Segment Open

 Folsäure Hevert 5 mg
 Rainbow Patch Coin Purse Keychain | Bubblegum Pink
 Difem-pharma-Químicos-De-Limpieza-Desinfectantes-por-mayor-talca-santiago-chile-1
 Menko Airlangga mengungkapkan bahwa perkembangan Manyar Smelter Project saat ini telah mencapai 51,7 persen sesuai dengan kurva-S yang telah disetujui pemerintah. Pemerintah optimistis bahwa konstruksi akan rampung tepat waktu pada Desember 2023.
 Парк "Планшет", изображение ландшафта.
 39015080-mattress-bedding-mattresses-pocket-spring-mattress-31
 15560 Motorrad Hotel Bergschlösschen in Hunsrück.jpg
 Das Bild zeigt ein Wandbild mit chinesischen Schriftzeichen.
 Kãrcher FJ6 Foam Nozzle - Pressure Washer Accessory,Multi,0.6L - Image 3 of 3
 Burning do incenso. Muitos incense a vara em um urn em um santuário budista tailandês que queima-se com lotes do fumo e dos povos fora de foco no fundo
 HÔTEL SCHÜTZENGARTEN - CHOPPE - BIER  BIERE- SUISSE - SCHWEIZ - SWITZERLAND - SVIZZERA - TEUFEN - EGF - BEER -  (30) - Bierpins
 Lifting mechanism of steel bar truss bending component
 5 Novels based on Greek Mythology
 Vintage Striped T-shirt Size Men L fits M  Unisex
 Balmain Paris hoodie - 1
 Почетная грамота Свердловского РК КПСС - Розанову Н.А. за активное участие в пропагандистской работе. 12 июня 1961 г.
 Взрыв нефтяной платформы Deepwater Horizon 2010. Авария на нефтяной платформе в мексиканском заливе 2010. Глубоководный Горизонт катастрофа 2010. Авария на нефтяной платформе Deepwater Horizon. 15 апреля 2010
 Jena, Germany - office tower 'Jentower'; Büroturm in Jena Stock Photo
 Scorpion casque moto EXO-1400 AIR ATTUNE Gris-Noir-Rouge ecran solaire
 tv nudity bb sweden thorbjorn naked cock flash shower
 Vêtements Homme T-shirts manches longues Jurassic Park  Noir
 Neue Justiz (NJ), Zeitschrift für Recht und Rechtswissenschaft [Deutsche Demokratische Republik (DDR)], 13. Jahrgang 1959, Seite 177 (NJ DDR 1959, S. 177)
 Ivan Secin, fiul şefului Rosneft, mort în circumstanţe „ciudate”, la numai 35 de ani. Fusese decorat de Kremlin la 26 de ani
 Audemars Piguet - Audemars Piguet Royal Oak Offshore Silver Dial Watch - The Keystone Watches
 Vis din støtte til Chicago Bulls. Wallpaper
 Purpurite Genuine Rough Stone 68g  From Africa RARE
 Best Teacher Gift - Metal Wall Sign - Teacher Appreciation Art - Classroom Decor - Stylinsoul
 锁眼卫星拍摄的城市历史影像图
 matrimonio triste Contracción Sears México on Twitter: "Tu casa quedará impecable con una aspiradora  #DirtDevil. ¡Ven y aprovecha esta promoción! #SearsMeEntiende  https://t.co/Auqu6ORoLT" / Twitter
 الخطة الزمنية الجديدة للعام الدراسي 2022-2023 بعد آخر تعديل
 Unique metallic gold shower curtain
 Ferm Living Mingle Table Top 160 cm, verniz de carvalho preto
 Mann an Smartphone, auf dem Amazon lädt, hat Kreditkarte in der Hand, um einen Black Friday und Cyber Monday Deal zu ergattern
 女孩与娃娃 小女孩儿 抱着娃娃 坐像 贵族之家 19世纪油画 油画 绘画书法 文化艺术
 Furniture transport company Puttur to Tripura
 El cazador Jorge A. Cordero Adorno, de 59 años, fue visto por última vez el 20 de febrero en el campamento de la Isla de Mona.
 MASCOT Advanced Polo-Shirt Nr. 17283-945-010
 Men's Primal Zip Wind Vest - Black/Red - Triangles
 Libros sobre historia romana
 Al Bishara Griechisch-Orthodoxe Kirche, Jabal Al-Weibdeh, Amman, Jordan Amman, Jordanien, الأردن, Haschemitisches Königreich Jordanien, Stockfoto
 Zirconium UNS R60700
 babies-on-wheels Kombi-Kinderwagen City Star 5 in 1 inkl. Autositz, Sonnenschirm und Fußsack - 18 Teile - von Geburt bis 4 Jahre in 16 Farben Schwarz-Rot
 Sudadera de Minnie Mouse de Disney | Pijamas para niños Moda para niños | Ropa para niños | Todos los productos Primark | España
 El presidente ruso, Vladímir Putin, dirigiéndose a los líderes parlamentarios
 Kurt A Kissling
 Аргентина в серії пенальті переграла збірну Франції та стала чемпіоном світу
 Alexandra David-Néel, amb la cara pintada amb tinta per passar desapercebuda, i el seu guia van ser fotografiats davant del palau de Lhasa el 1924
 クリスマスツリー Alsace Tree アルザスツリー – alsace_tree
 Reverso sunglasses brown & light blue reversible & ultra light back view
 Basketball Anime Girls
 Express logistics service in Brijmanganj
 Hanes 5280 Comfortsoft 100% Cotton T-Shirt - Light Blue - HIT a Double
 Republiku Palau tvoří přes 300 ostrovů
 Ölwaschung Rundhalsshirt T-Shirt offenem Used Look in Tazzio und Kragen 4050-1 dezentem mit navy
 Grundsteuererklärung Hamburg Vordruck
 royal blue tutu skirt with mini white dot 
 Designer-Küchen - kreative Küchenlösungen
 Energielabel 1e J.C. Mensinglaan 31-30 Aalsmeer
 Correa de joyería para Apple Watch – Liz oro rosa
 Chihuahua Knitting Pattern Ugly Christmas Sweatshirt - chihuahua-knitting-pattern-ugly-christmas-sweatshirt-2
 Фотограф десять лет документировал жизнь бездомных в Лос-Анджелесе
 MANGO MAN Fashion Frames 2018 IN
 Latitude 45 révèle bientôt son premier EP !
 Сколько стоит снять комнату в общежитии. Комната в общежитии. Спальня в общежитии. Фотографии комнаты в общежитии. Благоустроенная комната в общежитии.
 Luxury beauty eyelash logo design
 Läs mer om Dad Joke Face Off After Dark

Segment Closed

TASK DESCRIPTION.
The answer must be the full listing, repeated exactly.

ANSWER SECTION.
 Folsäure Hevert 5 mg
 Rainbow Patch Coin Purse Keychain | Bubblegum Pink
 Difem-pharma-Químicos-De-Limpieza-Desinfectantes-por-mayor-talca-santiago-chile-1
 Menko Airlangga mengungkapkan bahwa perkembangan Manyar Smelter Project saat ini telah mencapai 51,7 persen sesuai dengan kurva-S yang telah disetujui pemerintah. Pemerintah optimistis bahwa konstruksi akan rampung tepat waktu pada Desember 2023.
 Парк "Планшет", изображение ландшафта.
 39015080-mattress-bedding-mattresses-pocket-spring-mattress-31
 15560 Motorrad Hotel Bergschlösschen in Hunsrück.jpg
 Das Bild zeigt ein Wandbild mit chinesischen Schriftzeichen.
 Kãrcher FJ6 Foam Nozzle - Pressure Washer Accessory,Multi,0.6L - Image 3 of 3
 Burning do incenso. Muitos incense a vara em um urn em um santuário budista tailandês que queima-se com lotes do fumo e dos povos fora de foco no fundo
 HÔTEL SCHÜTZENGARTEN - CHOPPE - BIER  BIERE- SUISSE - SCHWEIZ - SWITZERLAND - SVIZZERA - TEUFEN - EGF - BEER -  (30) - Bierpins
 Lifting mechanism of steel bar truss bending component
 5 Novels based on Greek Mythology
 Vintage Striped T-shirt Size Men L fits M  Unisex
 Balmain Paris hoodie - 1
 Почетная грамота Свердловского РК КПСС - Розанову Н.А. за активное участие в пропагандистской работе. 12 июня 1961 г.
 Взрыв нефтяной платформы Deepwater Horizon 2010. Авария на нефтяной платформе в мексиканском заливе 2010. Глубоководный Горизонт катастрофа 2010. Авария на нефтяной платформе Deepwater Horizon. 15 апреля 2010
 Jena, Germany - office tower 'Jentower'; Büroturm in Jena Stock Photo
 Scorpion casque moto EXO-1400 AIR ATTUNE Gris-Noir-Rouge ecran solaire
 tv nudity bb sweden thorbjorn naked cock flash shower
 Vêtements Homme T-shirts manches longues Jurassic Park  Noir
 Neue Justiz (NJ), Zeitschrift für Recht und Rechtswissenschaft [Deutsche Demokratische Republik (DDR)], 13. Jahrgang 1959, Seite 177 (NJ DDR 1959, S. 177)
 Ivan Secin, fiul şefului Rosneft, mort în circumstanţe „ciudate”, la numai 35 de ani. Fusese decorat de Kremlin la 26 de ani
 Audemars Piguet - Audemars Piguet Royal Oak Offshore Silver Dial Watch - The Keystone Watches
 Vis din støtte til Chicago Bulls. Wallpaper
 Purpurite Genuine Rough Stone 68g  From Africa RARE
 Best Teacher Gift - Metal Wall Sign - Teacher Appreciation Art - Classroom Decor - Stylinsoul
 锁眼卫星拍摄的城市历史影像图
 matrimonio triste Contracción Sears México on Twitter: "Tu casa quedará impecable con una aspiradora  #DirtDevil. ¡Ven y aprovecha esta promoción! #SearsMeEntiende  https://t.co/Auqu6ORoLT" / Twitter
 الخطة الزمنية الجديدة للعام الدراسي 2022-2023 بعد آخر تعديل
 Unique metallic gold shower curtain
 Ferm Living Mingle Table Top 160 cm, verniz de carvalho preto
 Mann an Smartphone, auf dem Amazon lädt, hat Kreditkarte in der Hand, um einen Black Friday und Cyber Monday Deal zu ergattern
 女孩与娃娃 小女孩儿 抱着娃娃 坐像 贵族之家 19世纪油画 油画 绘画书法 文化艺术
 Furniture transport company Puttur to Tripura
 El cazador Jorge A. Cordero Adorno, de 59 años, fue visto por última vez el 20 de febrero en el campamento de la Isla de Mona.
 MASCOT Advanced Polo-Shirt Nr. 17283-945-010
 Men's Primal Zip Wind Vest - Black/Red - Triangles
 Libros sobre historia romana
 Al Bishara Griechisch-Orthodoxe Kirche, Jabal Al-Weibdeh, Amman, Jordan Amman, Jordanien, الأردن, Haschemitisches Königreich Jordanien, Stockfoto
 Zirconium UNS R60700
 babies-on-wheels Kombi-Kinderwagen City Star 5 in 1 inkl. Autositz, Sonnenschirm und Fußsack - 18 Teile - von Geburt bis 4 Jahre in 16 Farben Schwarz-Rot
 Sudadera de Minnie Mouse de Disney | Pijamas para niños Moda para niños | Ropa para niños | Todos los productos Primark | España
 El presidente ruso, Vladímir Putin, dirigiéndose a los líderes parlamentarios
 Kurt A Kissling
 Аргентина в серії пенальті переграла збірну Франції та стала чемпіоном світу
 Alexandra David-Néel, amb la cara pintada amb tinta per passar desapercebuda, i el seu guia van ser fotografiats davant del palau de Lhasa el 1924
 クリスマスツリー Alsace Tree アルザスツリー – alsace_tree
 Reverso sunglasses brown & light blue reversible & ultra light back view
 Basketball Anime Girls
 Express logistics service in Brijmanganj
 Hanes 5280 Comfortsoft 100% Cotton T-Shirt - Light Blue - HIT a Double
 Republiku Palau tvoří přes 300 ostrovů
 Ölwaschung Rundhalsshirt T-Shirt offenem Used Look in Tazzio und Kragen 4050-1 dezentem mit navy
 Grundsteuererklärung Hamburg Vordruck
 royal blue tutu skirt with mini white dot 
 Designer-Küchen - kreative Küchenlösungen
 Energielabel 1e J.C. Mensinglaan 31-30 Aalsmeer
 Correa de joyería para Apple Watch – Liz oro rosa
 Chihuahua Knitting Pattern Ugly Christmas Sweatshirt - chihuahua-knitting-pattern-ugly-christmas-sweatshirt-2
 Фотограф десять лет документировал жизнь бездомных в Лос-Анджелесе
 MANGO MAN Fashion Frames 2018 IN
 Latitude 45 révèle bientôt son premier EP !
 Сколько стоит снять комнату в общежитии. Комната в общежитии. Спальня в общежитии. Фотографии комнаты в общежитии. Благоустроенная комната в общежитии.
 Luxury beauty eyelash logo design
 Läs mer om Dad Joke Face Off After Dark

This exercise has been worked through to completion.